The transverse angle of the acetabular inlet (which is also called Sharp's angle and it is generally the angle called acetabular angle without further specification) is described by measuring the angle between a line passing from the superior to the horizontal plane and inferior acetabular rim; an angle that normally measures 51° in infants and 40° in adults that affects the lateral acetabular coverage of the femoral head and many other parameters.
Wiberg's centre-edge angle (which is called CE angle) is defined as an angle between a line from the centre of the femoral head and the vertical line to the most lateral part of the acetabulum, which can be seen on an anteroposterior radiograph.
The sagittal angle of the acetabular inlet is described as an angle between a line that passes from the anterior to the sagittal plane and the posterior acetabular rim. in adults; it also measures 7° at birth and increases to 17°.
The angle which lies between the longitudinal axes of the shaft and femoral neck is called the caput-collum-diaphyseal angle or simply CCD angle, generally measures nearly 150° in newborn and as 126° in adults (which is called as coxa norma).
An abnormally large angle is called coxa valga and an abnormally small angle, as coxa vara. Since changes in femur shape affect the knee, coxa valga is often associated with genu varum (also known as bow-leggedness), while coxa vara causes genu valgum (knock-knees).
The capsule usually attaches to the hip bone that is outside the acetabular hip, which therefore projects into capsular space. Whereas, on the femoral side, the distance between the cartilaginous rim head and the capsular attachment at the neck's base is constant that leaves a wider extracapsular neck part at the back than at the front.
The strong but loose fibrous capsule present on the hip joint permits the hip joint to contain the second-largest range of movement (which is second, only to the shoulder) and yet supports the weight of the arms, body, and head.
The hip joint is the one, which is reinforced by four ligaments, where three are extracapsular and one is intracapsular.

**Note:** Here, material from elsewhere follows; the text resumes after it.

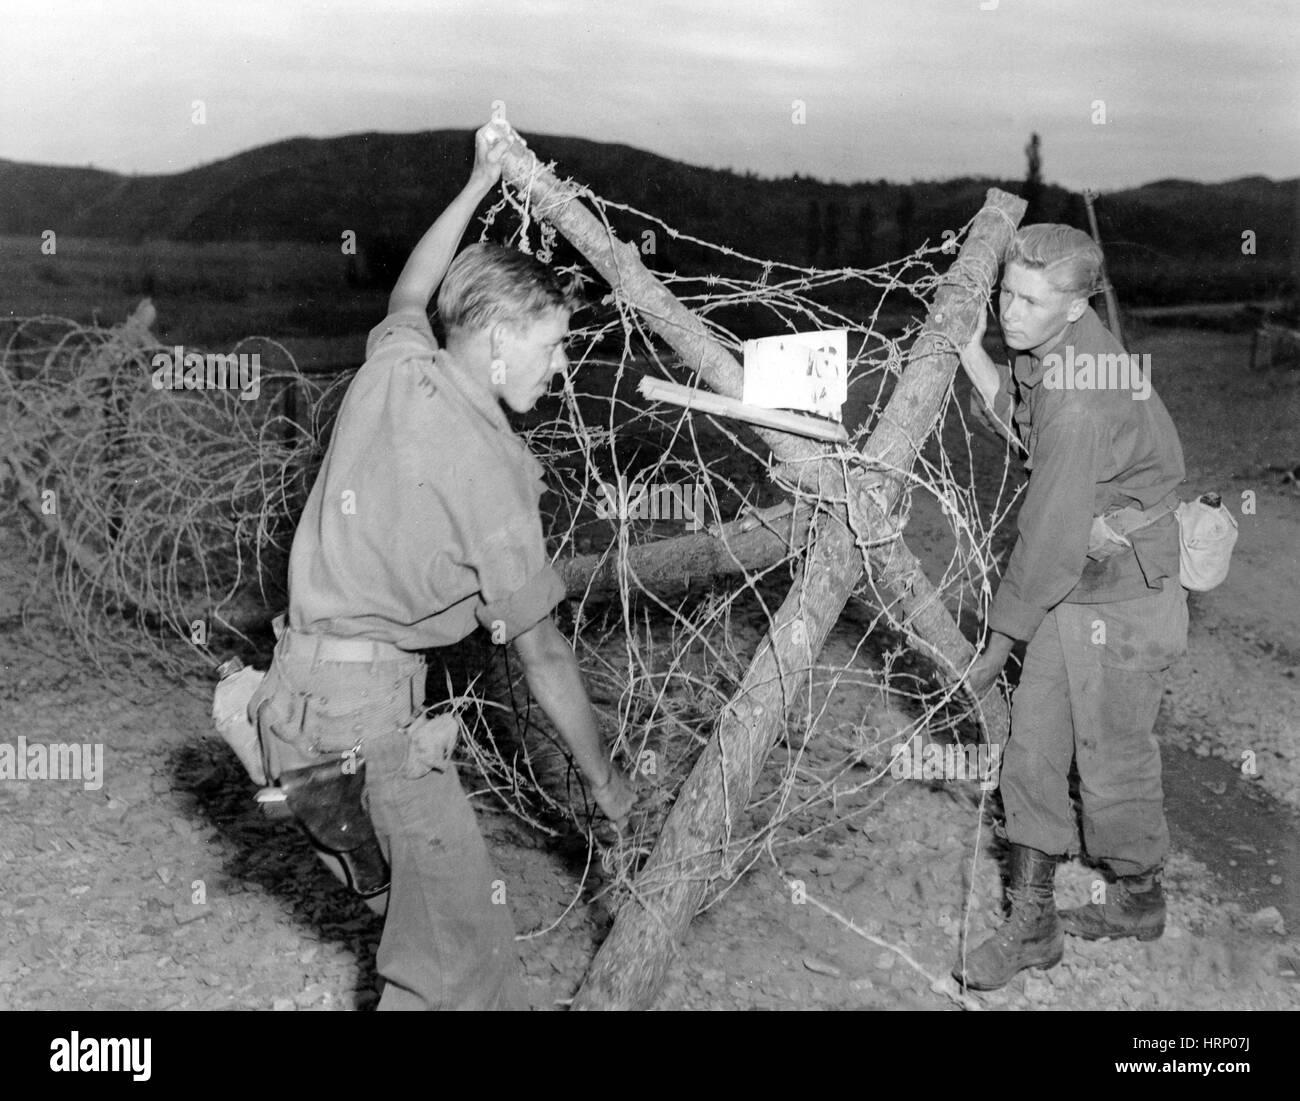 Korean War, Barbed Wire Entanglement, 1951 - Stock Image

The extracapsular ligaments are given as the ischiofemoral, iliofemoral, and pubofemoral ligaments that are attached to the pelvis bones (the ischium, ilium, and pubis, respectively). All these three strengthen the capsule and prevents an excessive range of joint movement. The iliofemoral ligament, which is twisted and Y-shaped, is the strongest ligament in the human body or the hip in the human body. It also stops the trunk from dropping backwards in the upright position without the need for muscular action. In the sitting position, it becomes relaxed, allowing the pelvis to tilt backwards into the sitting position.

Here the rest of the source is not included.